Пока его воины на рысях проходили мимо, Бальгур несколько раз останавливал арбы, заговаривая со стариками. Отвечали неохотно, двумя-тремя словами, при упоминании о шаныое замолкали совсем, – несчастье сделало всегда веселых общительных хуннов из Великой Петли замкнутыми и хмурыми, – даже младенцы, словно понимая смысл происходящего, глядели печально и мудро.

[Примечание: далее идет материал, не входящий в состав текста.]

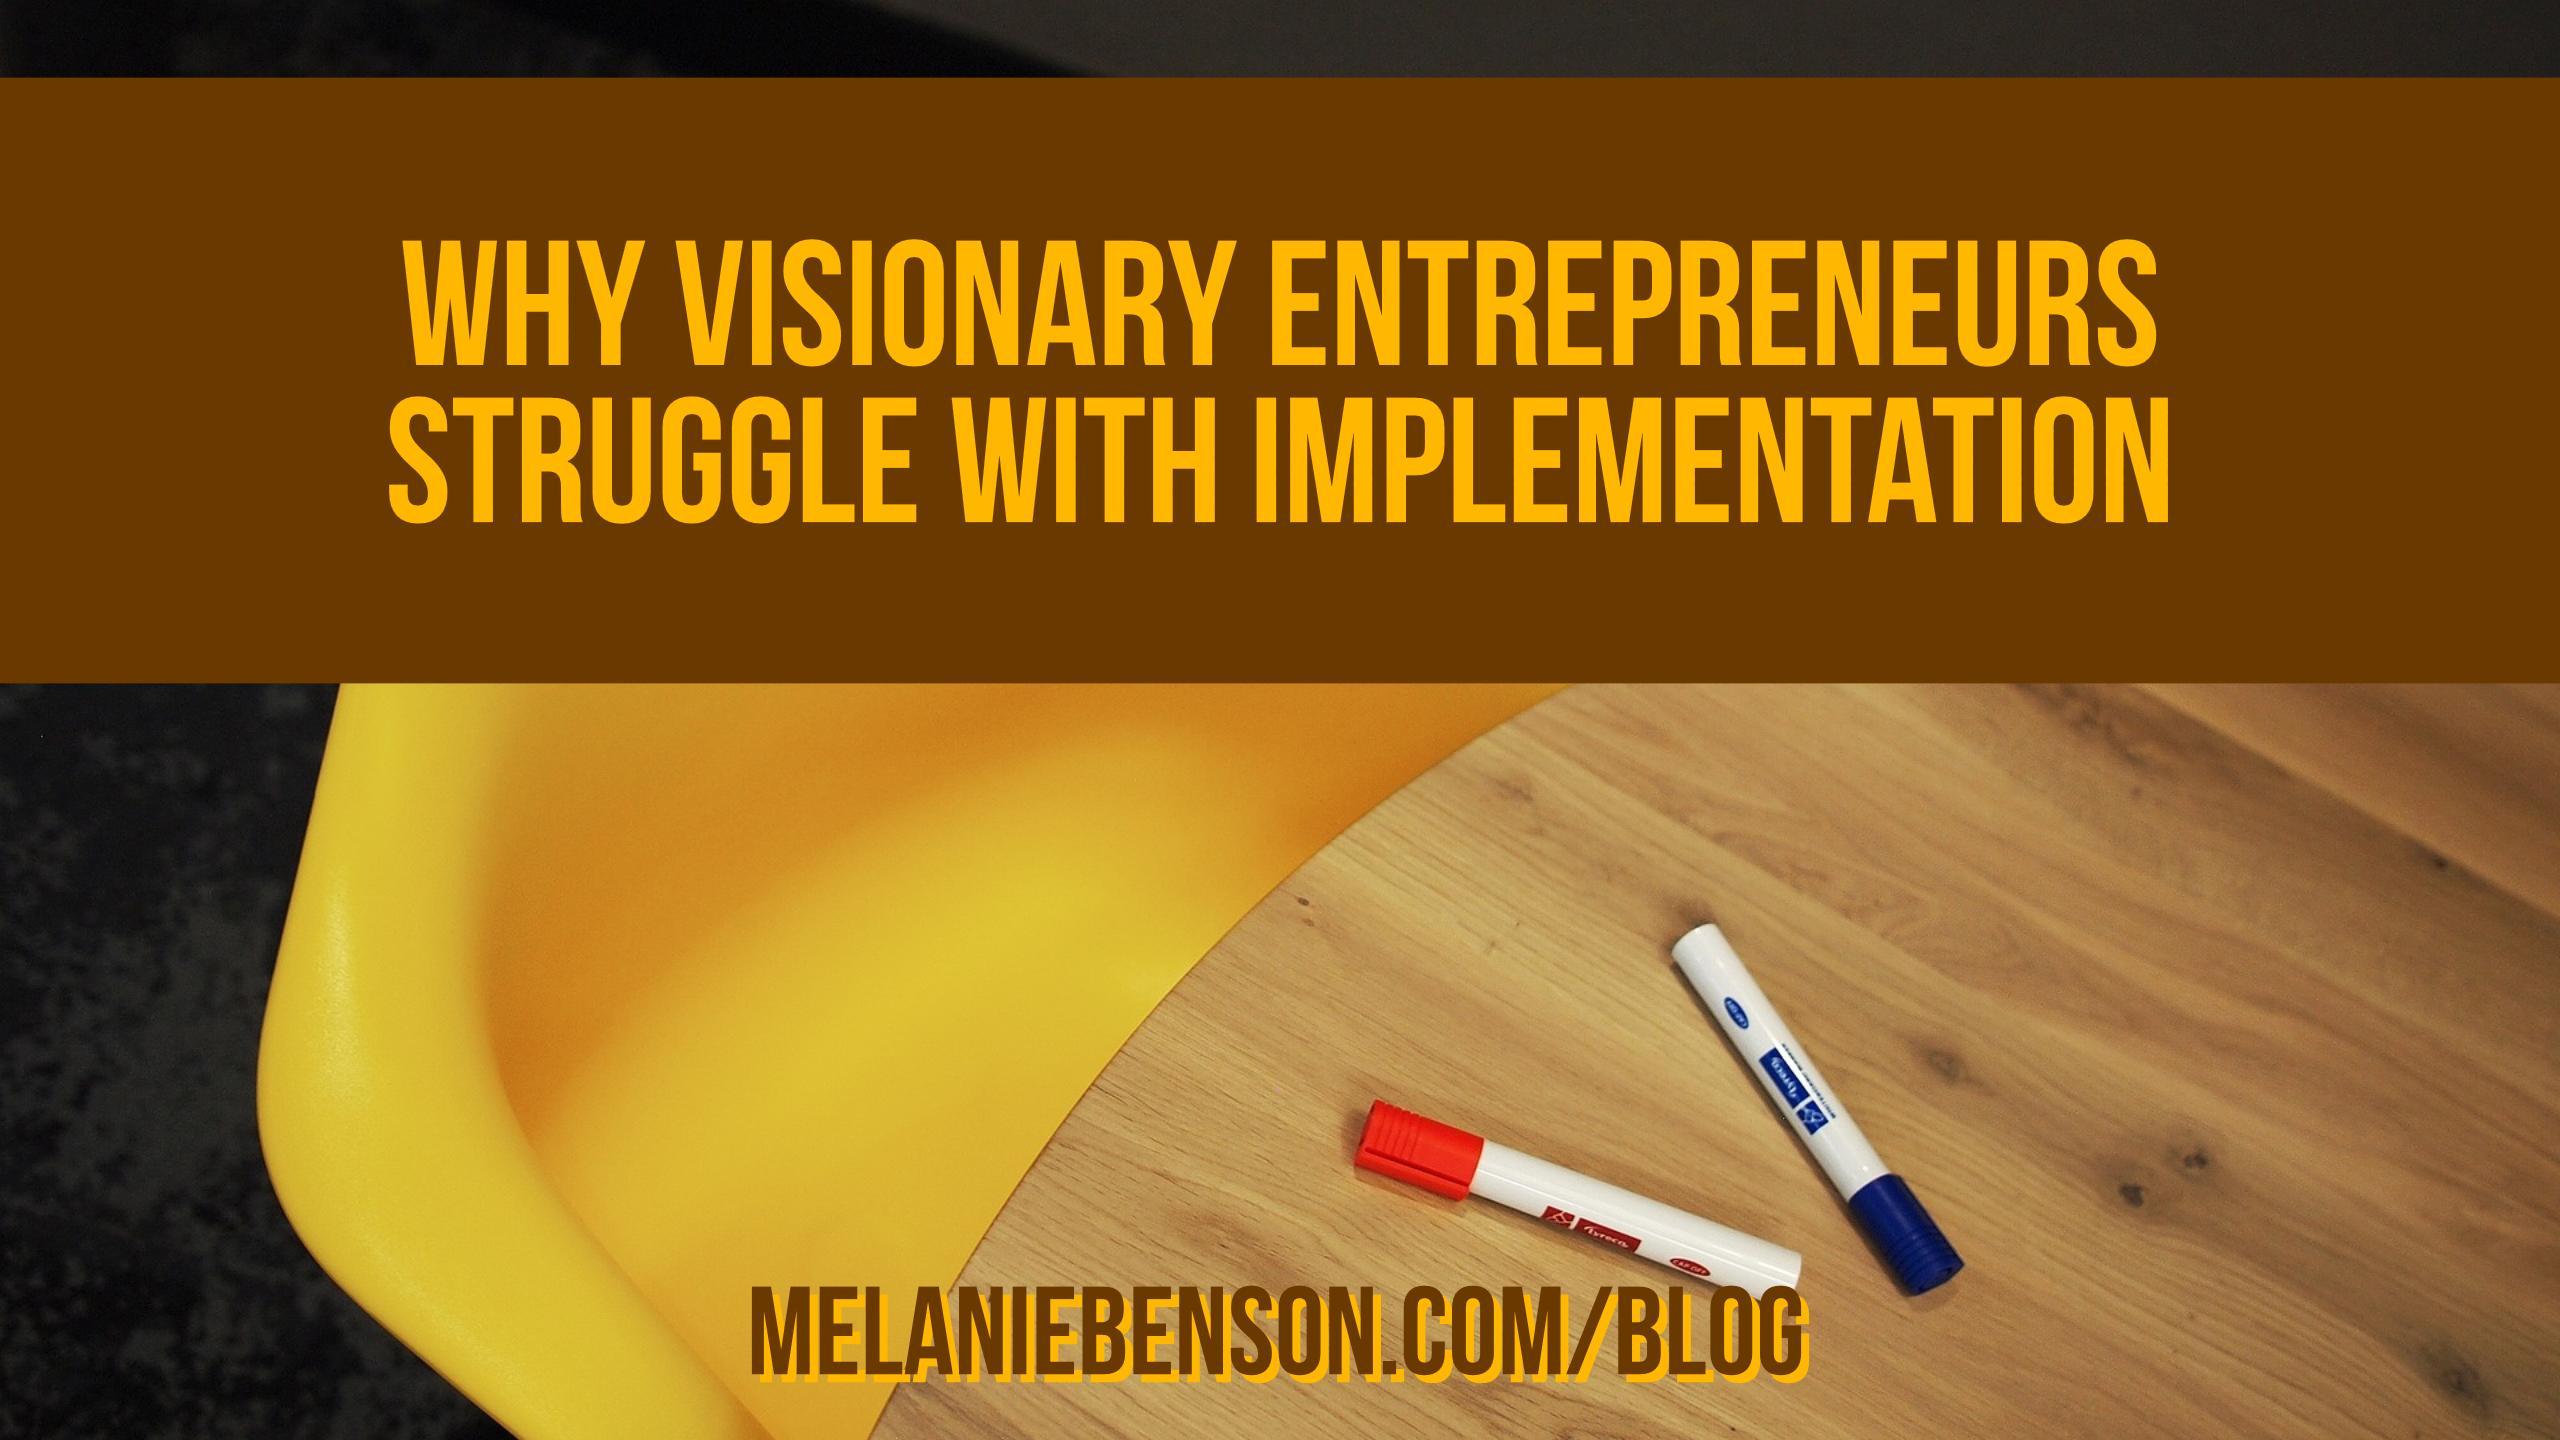 Visionary Entrepreneur Implementation

Когда Бальгур на третий день добрался наконец до своего кочевья, воинов еще не было. Не появились они и утром следующего дня. Поджидая их, Бальгур сидел возле юрты, грея на солнце старые кости, и печально смотрел на вздымающуюся невдалеке синеватую громаду Иньшаньского хребта. Да, Иньшань, гордость и сила рода Солин, уже потерян, и с этим пока надо примириться. Трудно так думать о горах, у подножий которых испокон веков рождались, жили и умирали многие и многие поколения хуннов, – да, трудно и горько, ибо где еще можно найти места, столь обильные мелкой и крупной дичью? Или горным лесом, дивно пригодным для луков и стрел, юрт и повозок? И где еще встретишь таких могучих горных орлов, чьи перья придают стрелам несравненную меткость и дальнобойность?..

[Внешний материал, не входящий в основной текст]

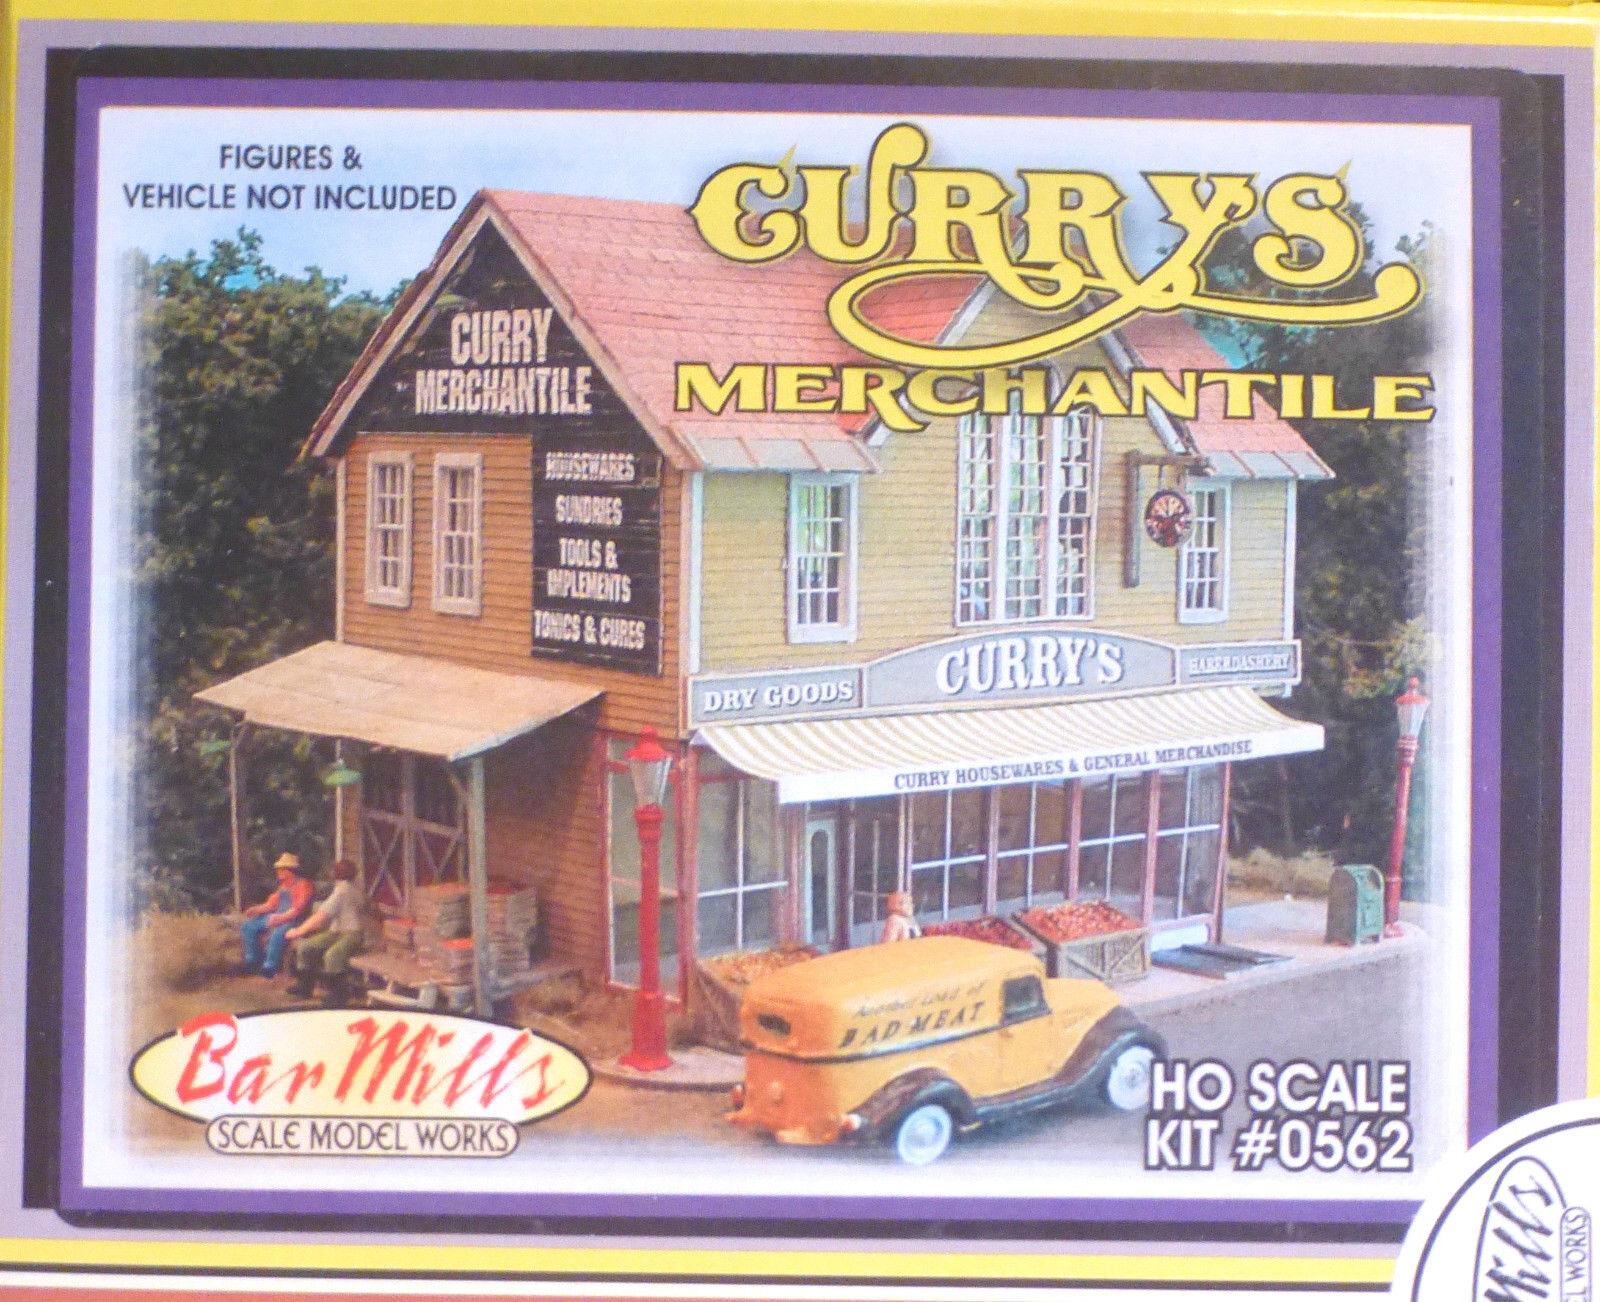 BAR Mills  562 scala HO Curry MERCANTILE KIT Kit di costruzione

От печальных мыслей Бальгура отвлек топот множества копыт. Князь торопливо встал, думая, что начинают съезжаться вызванные им войска. Однако это оказался его сын Максар, вернувшийся со своей ватагой с охоты. Максару недавно исполнилось двенадцать лет, но он был не по годам силен, ловок, и стрелы, пущенные его рукой, летели всегда точно в цель. Во главе полусотни молодых сорванцов, отданных ему под начало Бальгуром, он целые дни проводил на охоте, объезжал диких лошадей и учился битве в конном строю. Конепосекающий меч был для него пока тяжеловат, но дорожным мечом он уже владел умело. Бальгур гордился сыном, любил его, хотя и обращался с ним неизменно сурово, требовательно, а порою и жестоко.

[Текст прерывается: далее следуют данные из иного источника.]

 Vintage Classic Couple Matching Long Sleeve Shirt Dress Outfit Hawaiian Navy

Молодые охотники ворвались в кочевье с шумом и разудалыми криками. Увидев старого князя, неподвижно застывшего у юрты, они приумолкли, стали осаживать лошадей. Один лишь Максар с желтым леопардом, переброшенным поперек седла, не замечая ничего в пылу скачки, продолжал шуметь и кривляться. Наконец и он увидел отца, умолк разом, растерянно оглянулся и только тут обнаружил, что остался в одиночестве, – последние из его дружины, торопя лошадей, исчезали за юртами.

Спешившись, Максар с усилием взвалил на себя леопарда и направился к отцу, думая редкой добычей смягчить его гнев. Бальгур молчал.

– Посмотри, отец, – с притворным оживлением заговорил мальчик, уже чувствуя неладное. – Я его сам застрелил! Вон на той горе, – и, повернувшись, указал рукой на одну из вершин Иньшаньского хребта.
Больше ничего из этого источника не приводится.